## ABOUT THIS EXERCISE
Reproduce, exactly and only, the lines of the data that follows from the one containing "エレキギターのロカビリーの未再生の波形" down to the one containing "janni-deler-villa-breakfastL1000578", without pictures.

## EXTRACTED INFORMATION
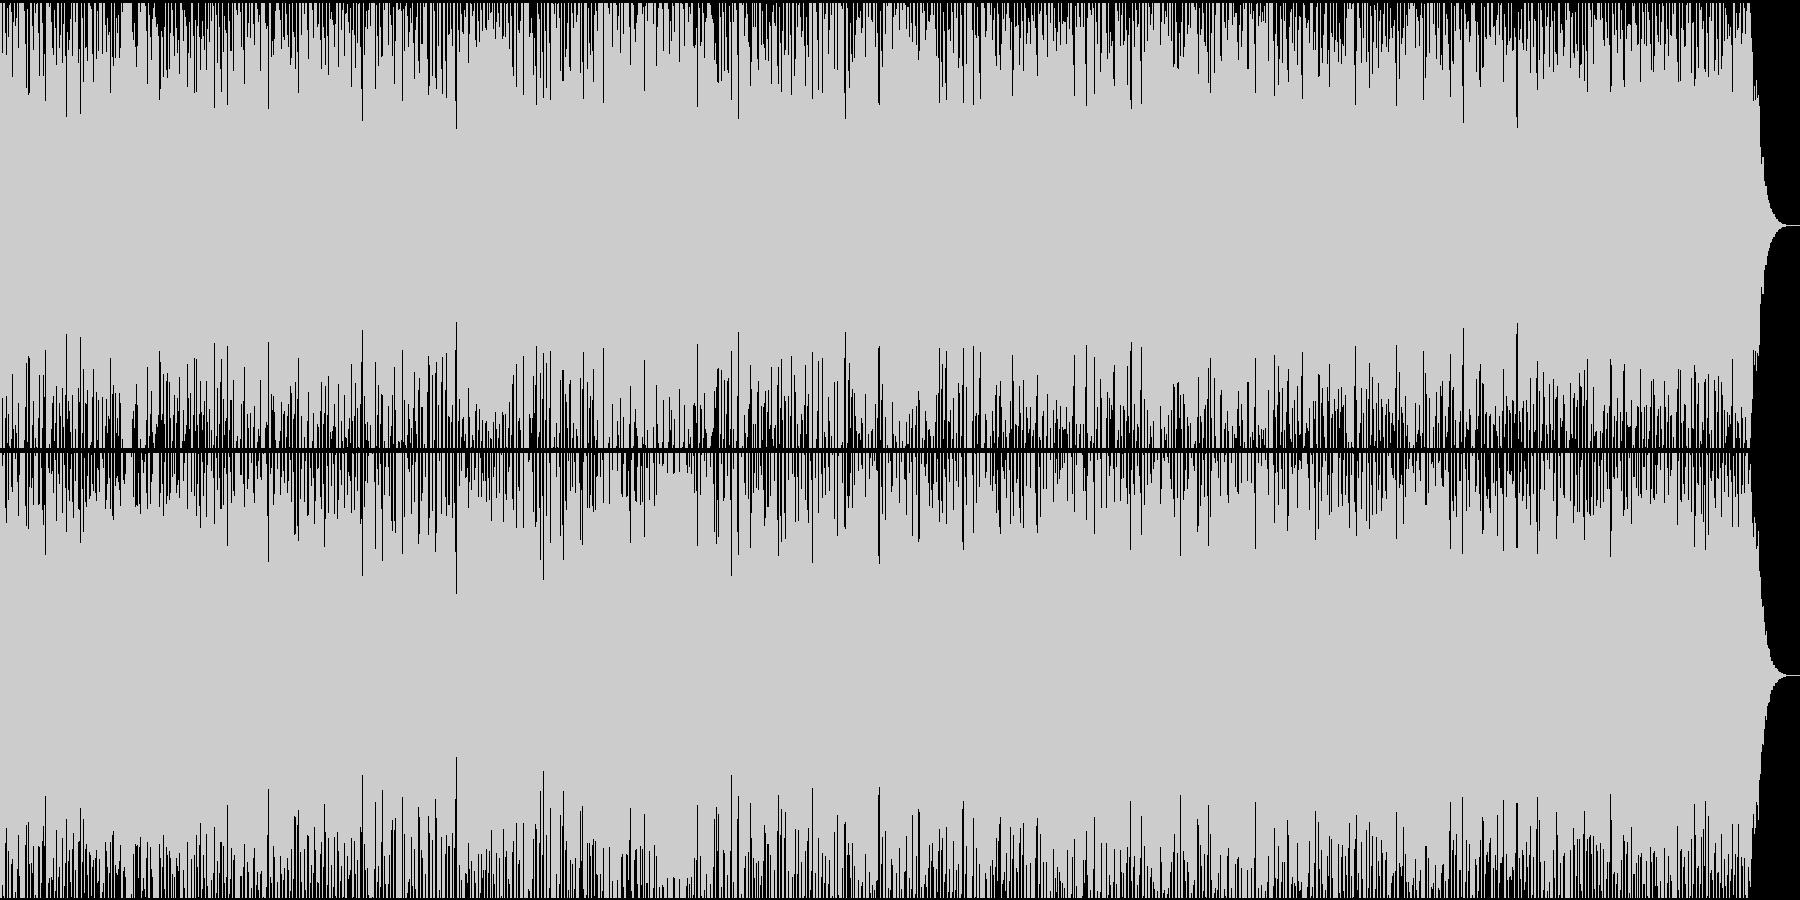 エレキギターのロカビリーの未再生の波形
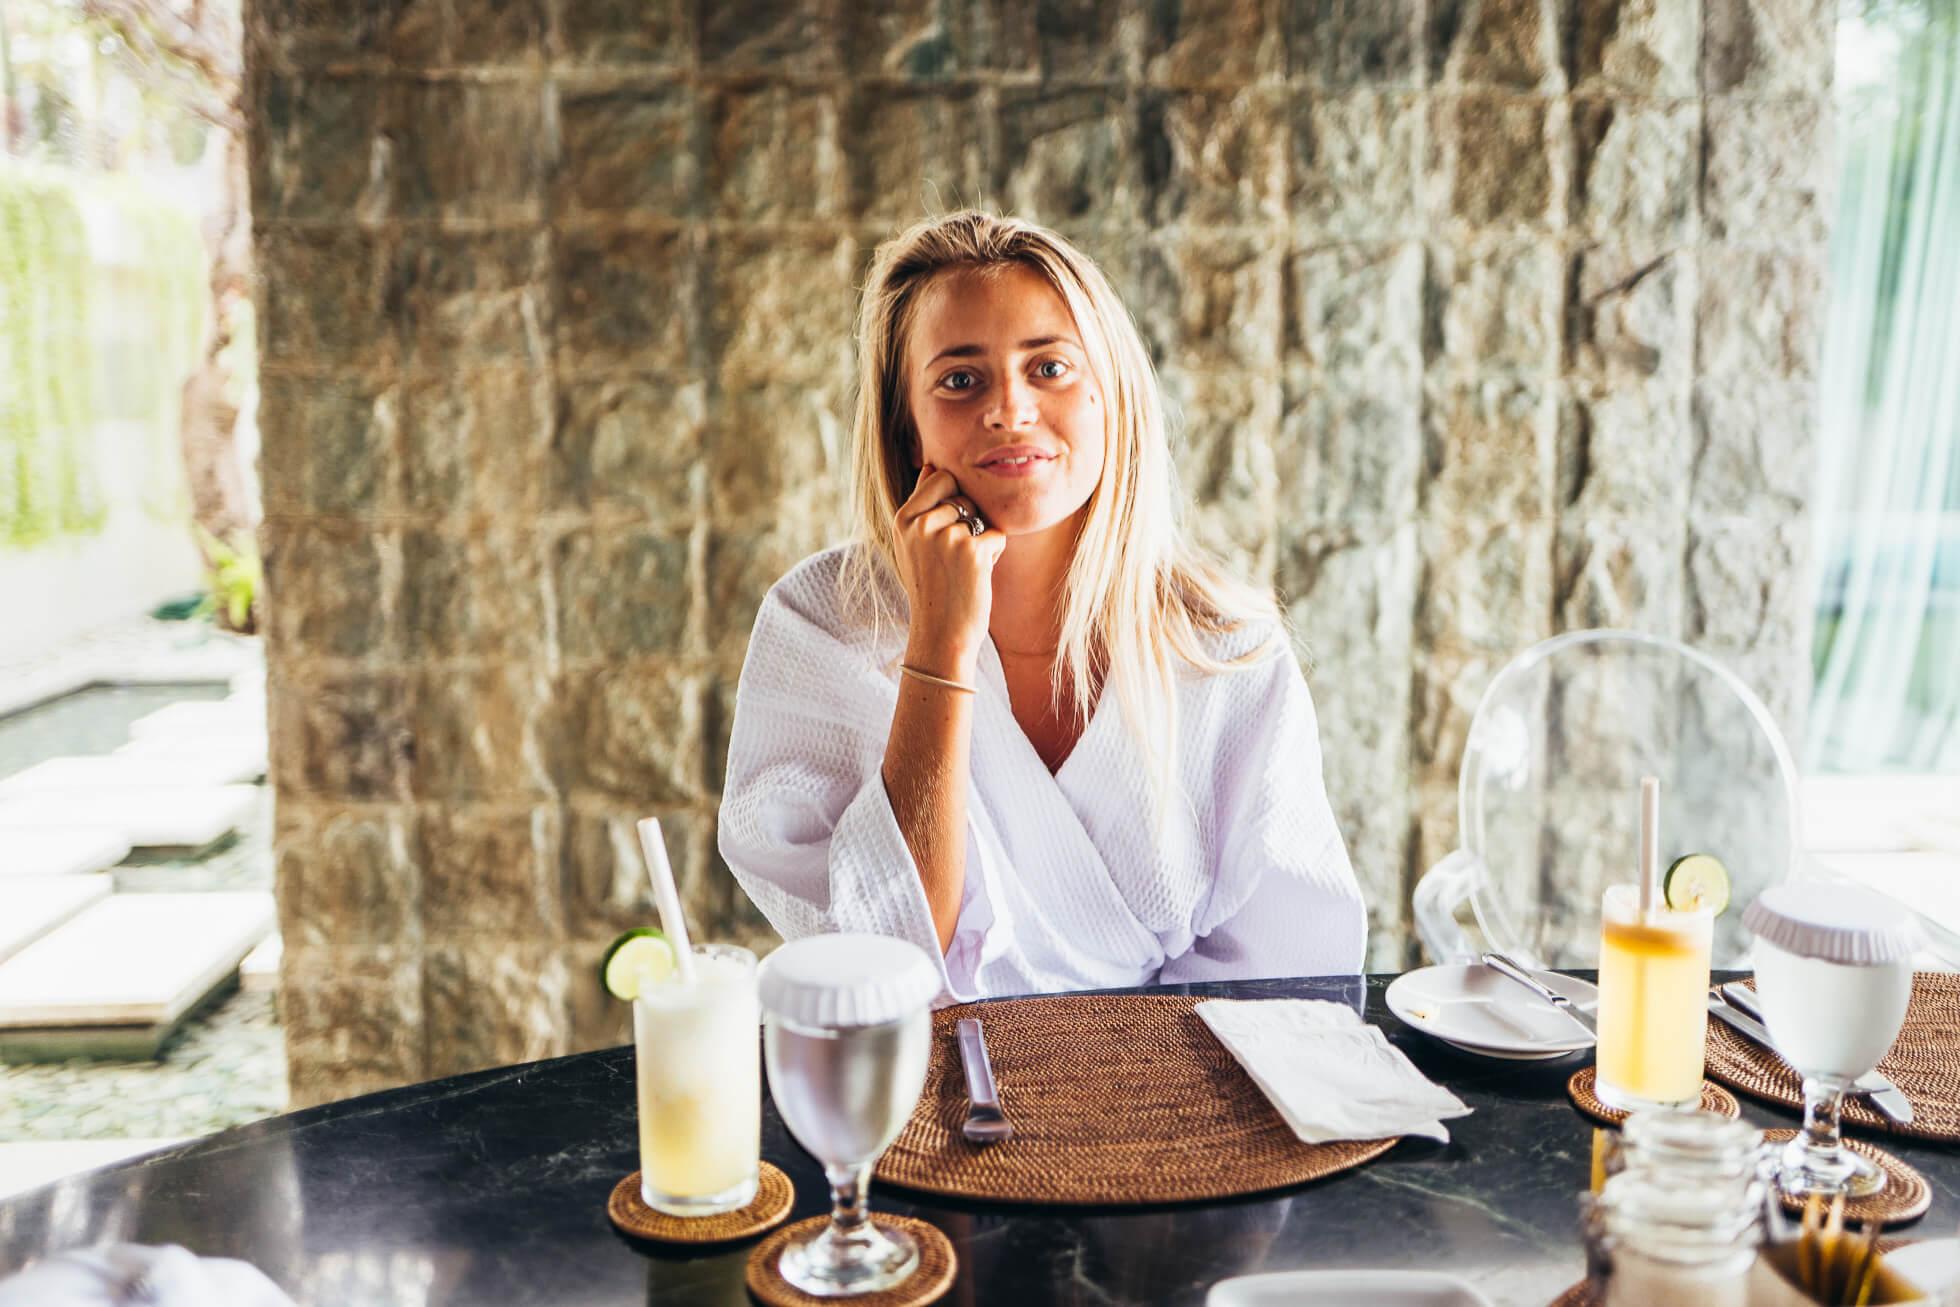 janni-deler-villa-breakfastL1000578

--

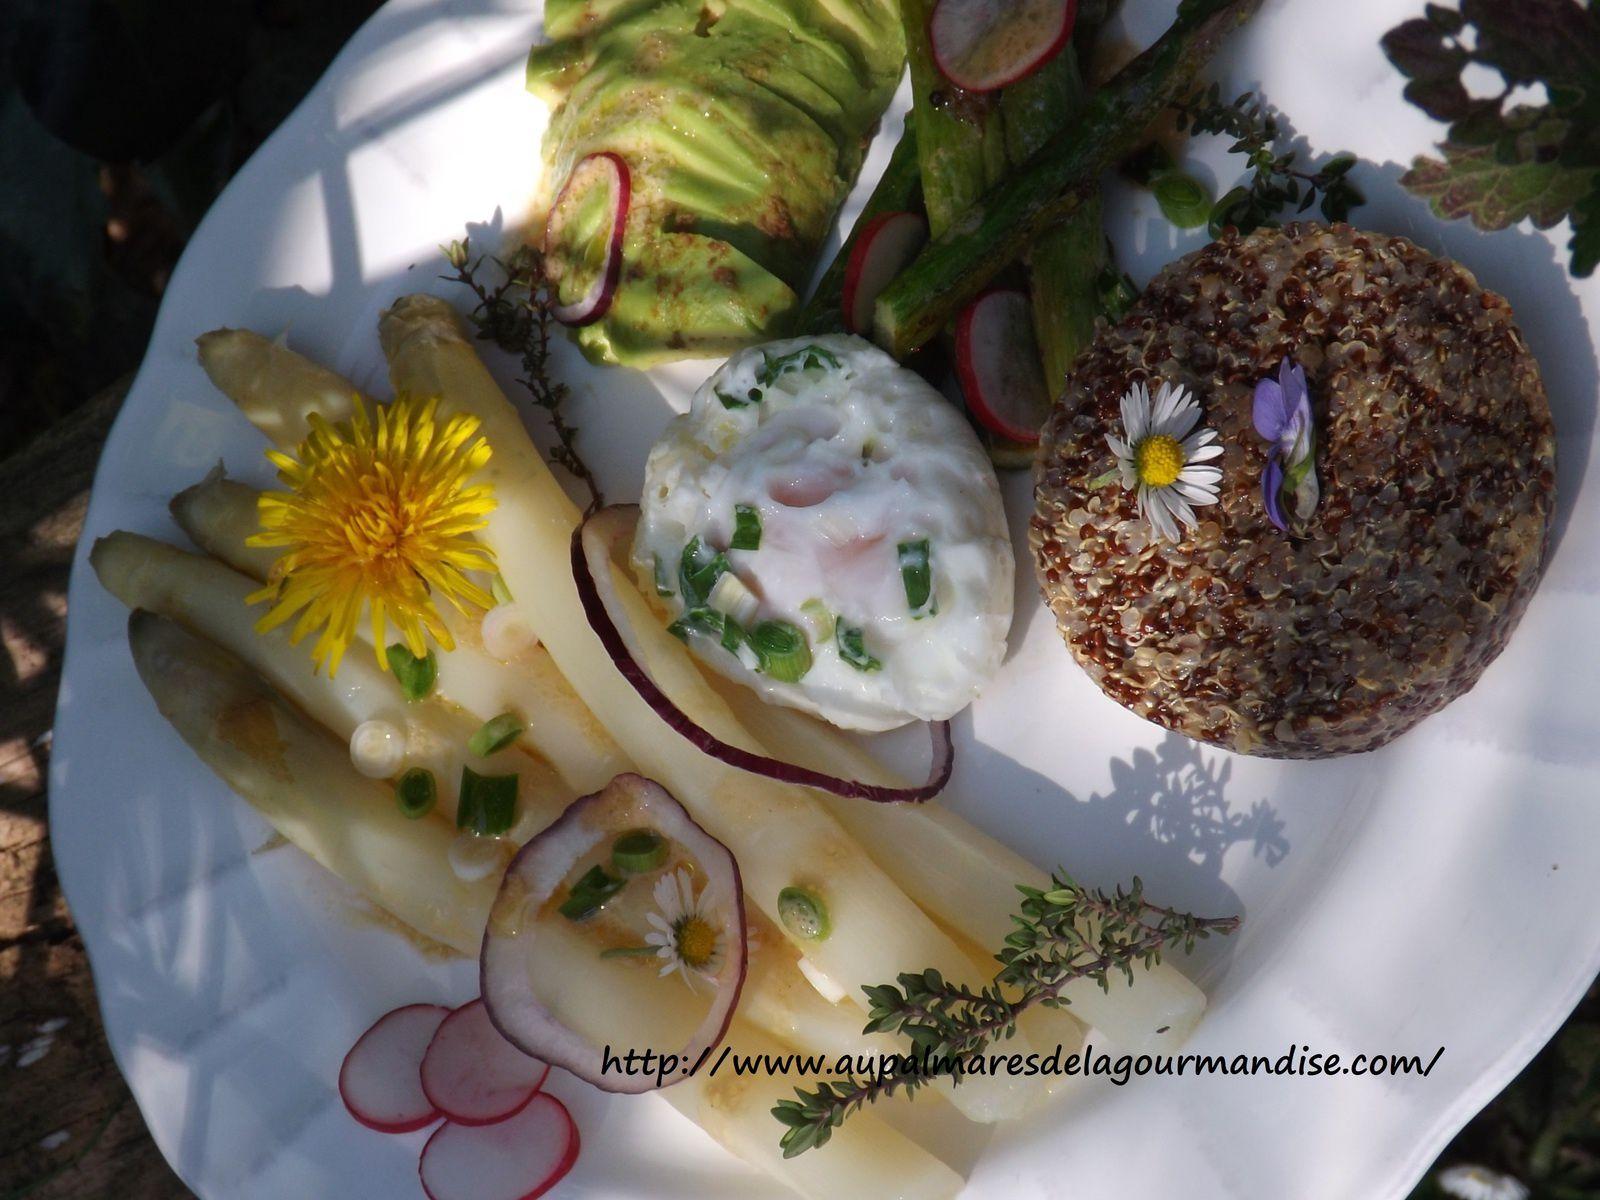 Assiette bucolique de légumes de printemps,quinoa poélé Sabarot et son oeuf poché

## RESULT
 エレキギターのロカビリーの未再生の波形
 janni-deler-villa-breakfastL1000578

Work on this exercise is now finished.